Earlier this month, Sen. Rand Paul (R-KY), who subscribes to Ayn Rand’s anti-Christian ideology of selfishness, even told CNN that since we all “work for rich people” it won’t help the economy to “punish rich people.” But the wealthy aren’t exactly in need of a break. The federal income tax rate for the 400 wealthiest Americans fell from about 30 percent in 1995 to 18 percent in 2008. A recent report from the nonpartisan Congressional Research Service found that a quarter of U.S. millionaires pay a smaller share of their income in federal taxes than many middle-class families.
Thankfully, there’s a new voice for middle-class families in Occupy Wall Street. While not long ago the Tea Party and conservative ideologues dominated national political debates over debt, taxes and government spending, Occupy Wall Street is shifting the debate towards jobs, inequality, and opportunity.

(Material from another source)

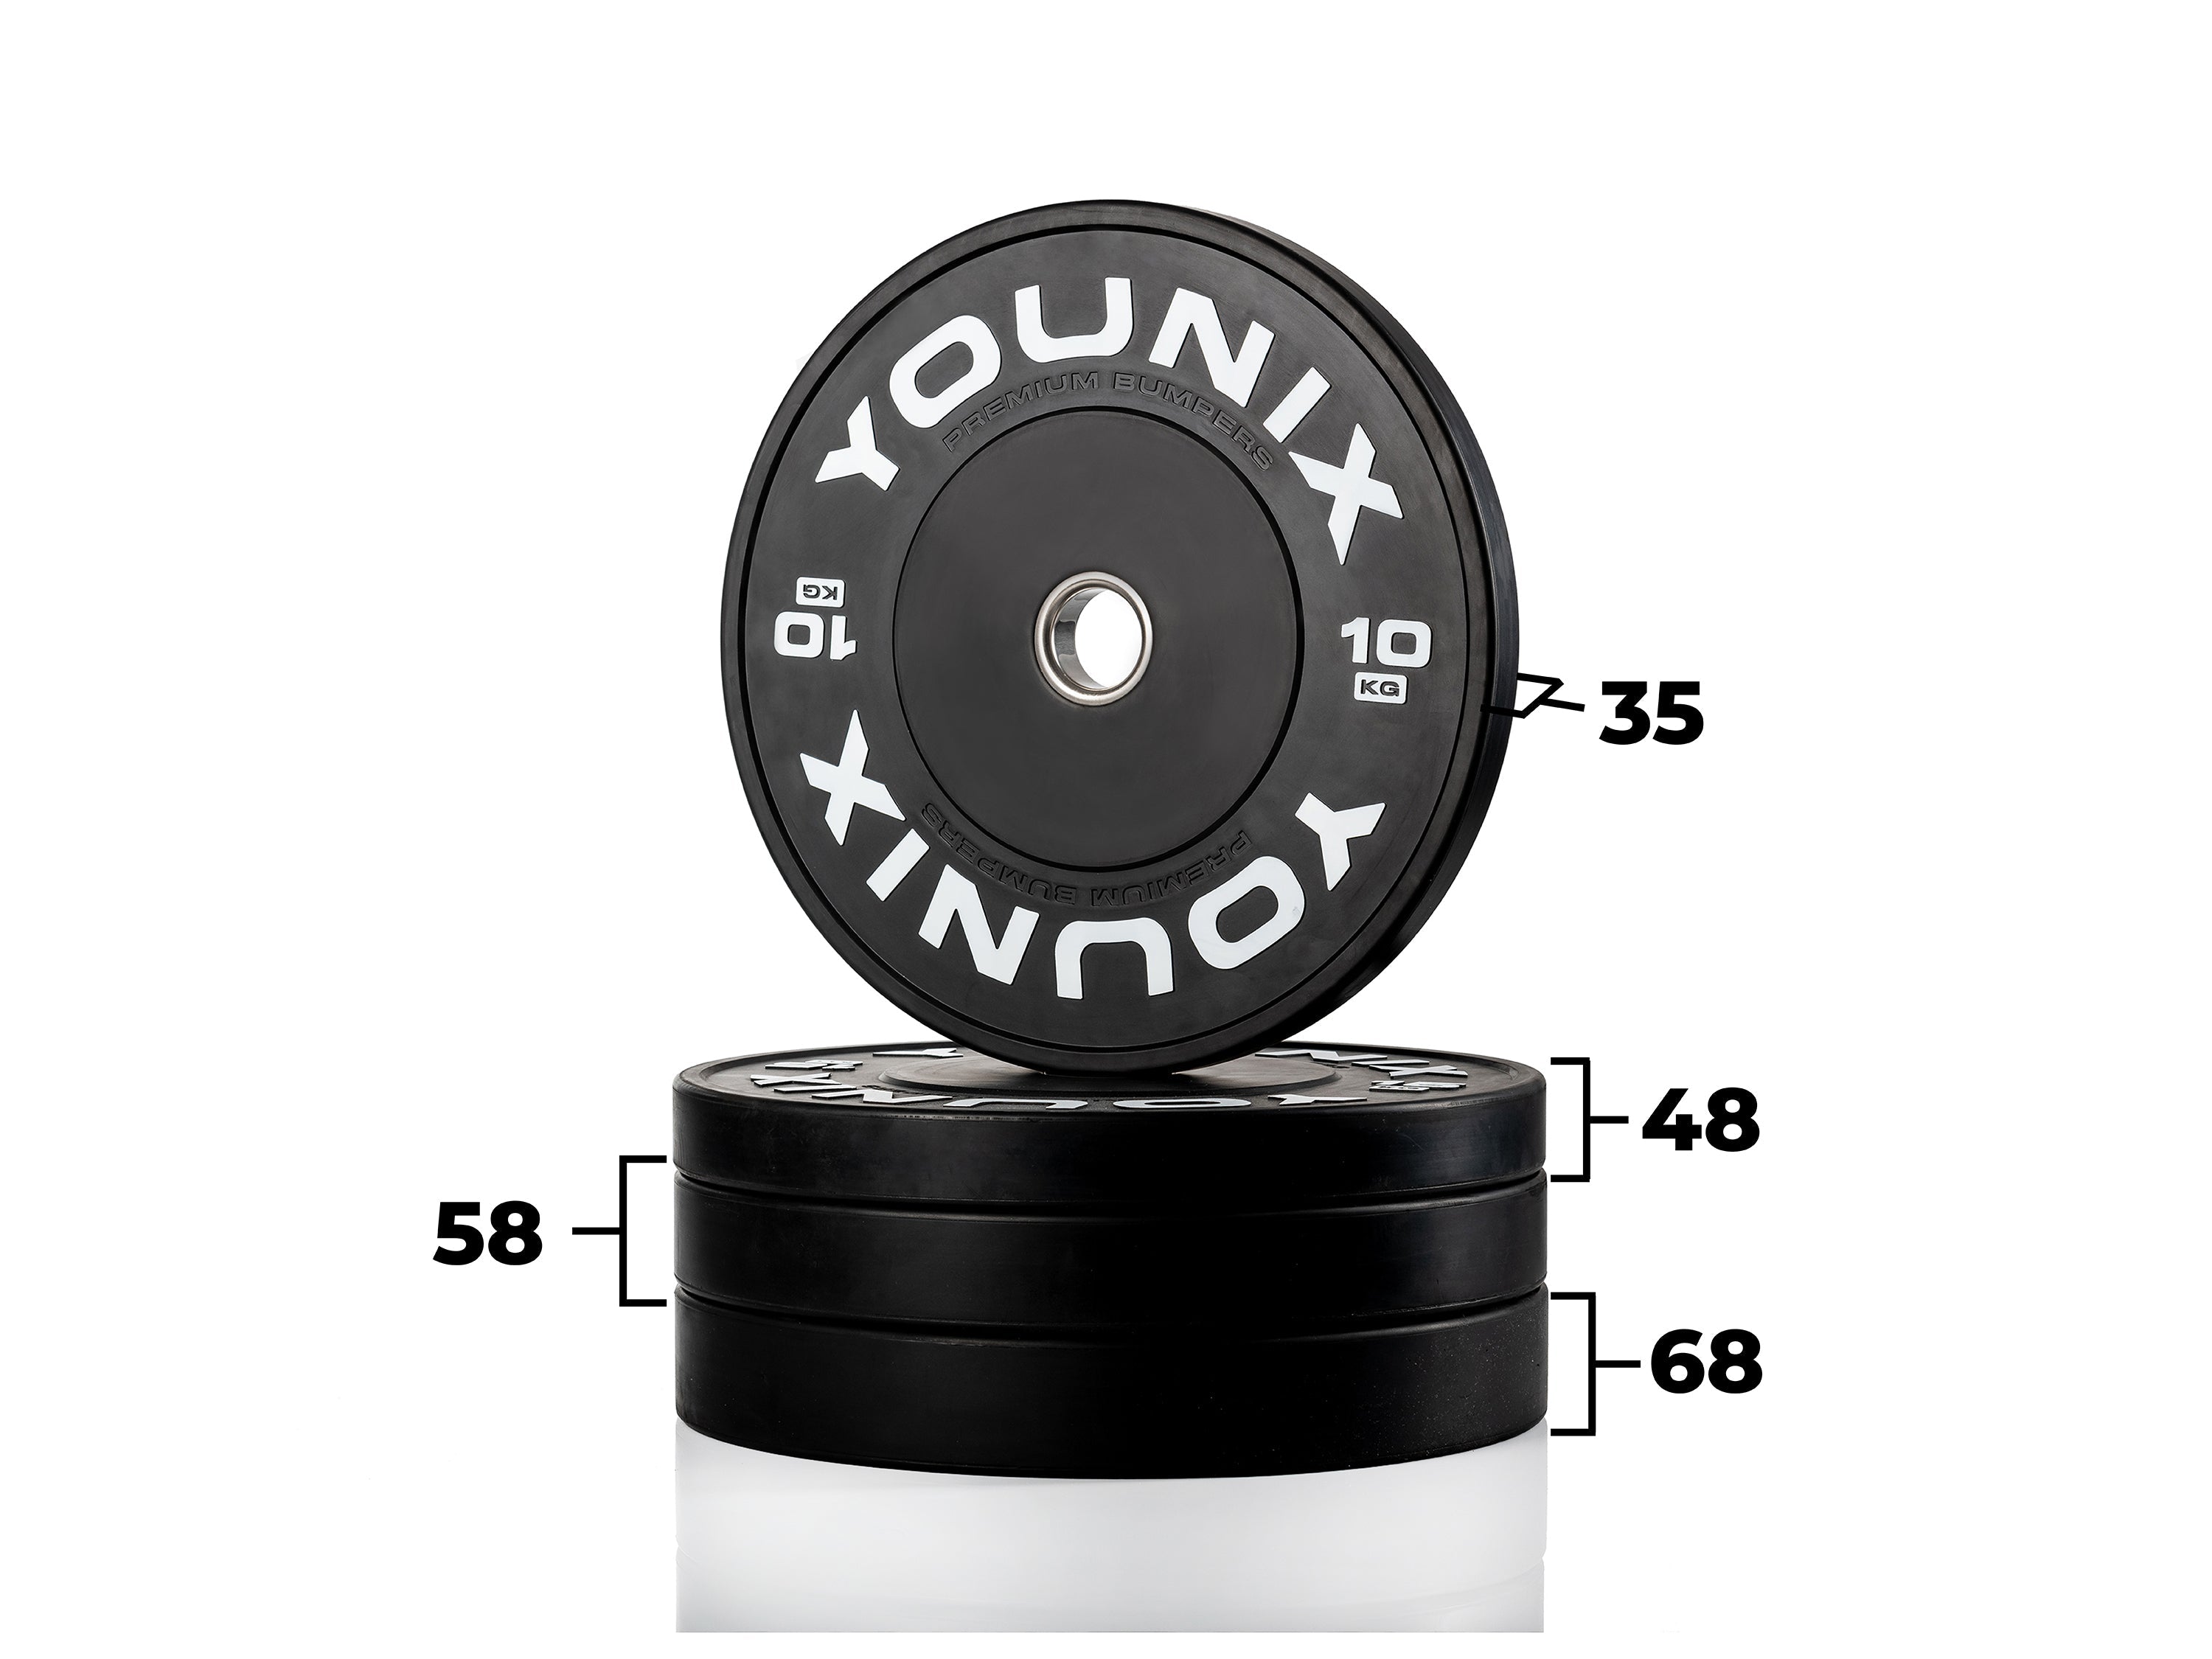 Younix Competition Bumper plates
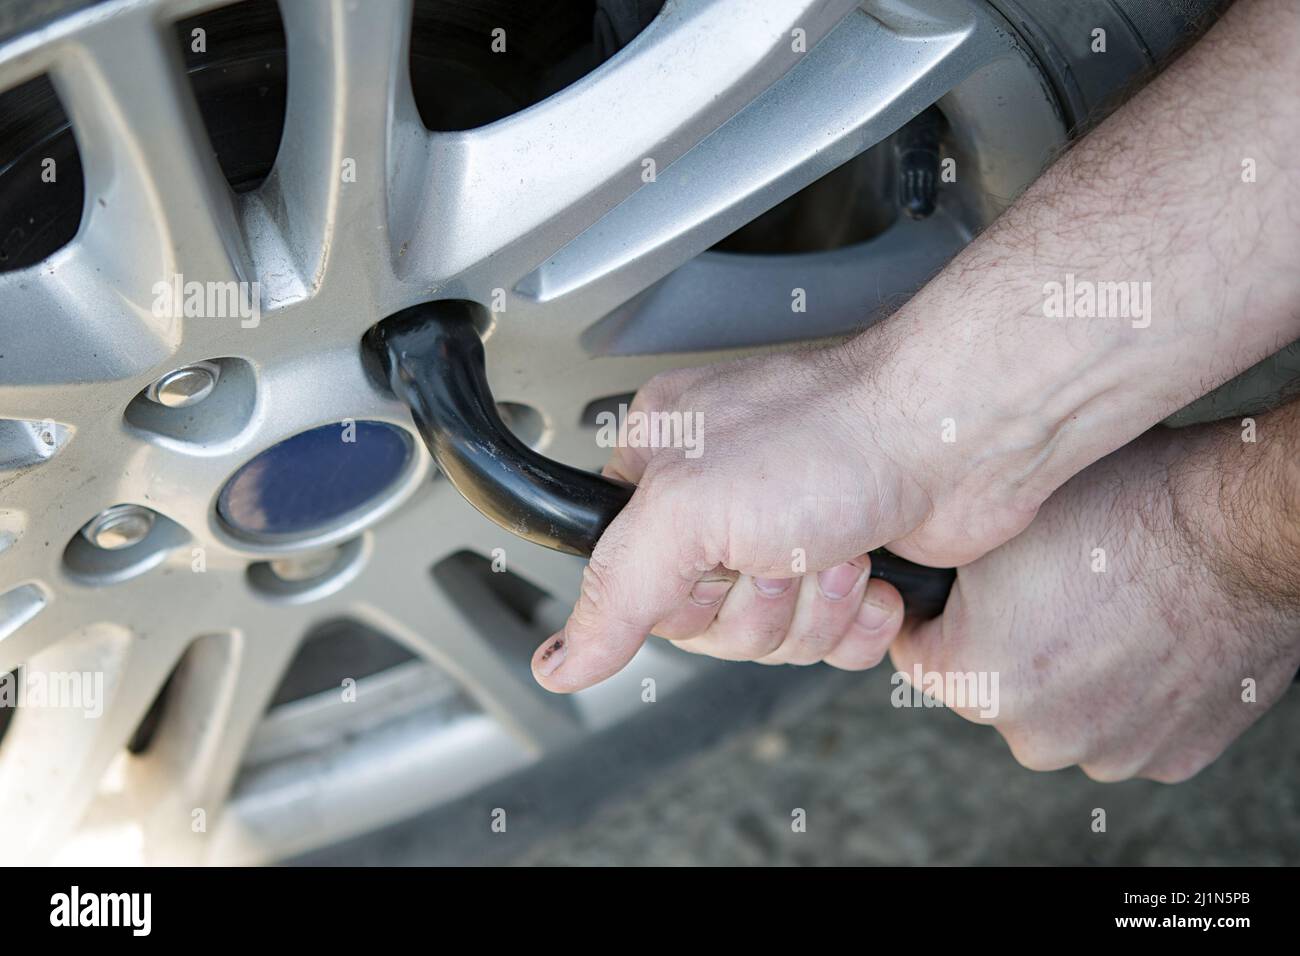 changing flat tire on the road. A close up Stock Photo

A groundbreaking recent statement from the Vatican calling for more robust regulation of the global financial sector and a financial transactions tax also made a potent moral argument for economic fairness and the common good. And it seems that top Democrats in Congress are sensing the shifting cultural and political winds made possible by this steady moral drumbeat and are focusing on jobs and income inequality as the leading issues heading into 2012.
We have a responsibility to hold politicians accountable when they ignore or distort basic economic reality, and to ensure that they put the needs of families before the desires of the wealthiest 1%.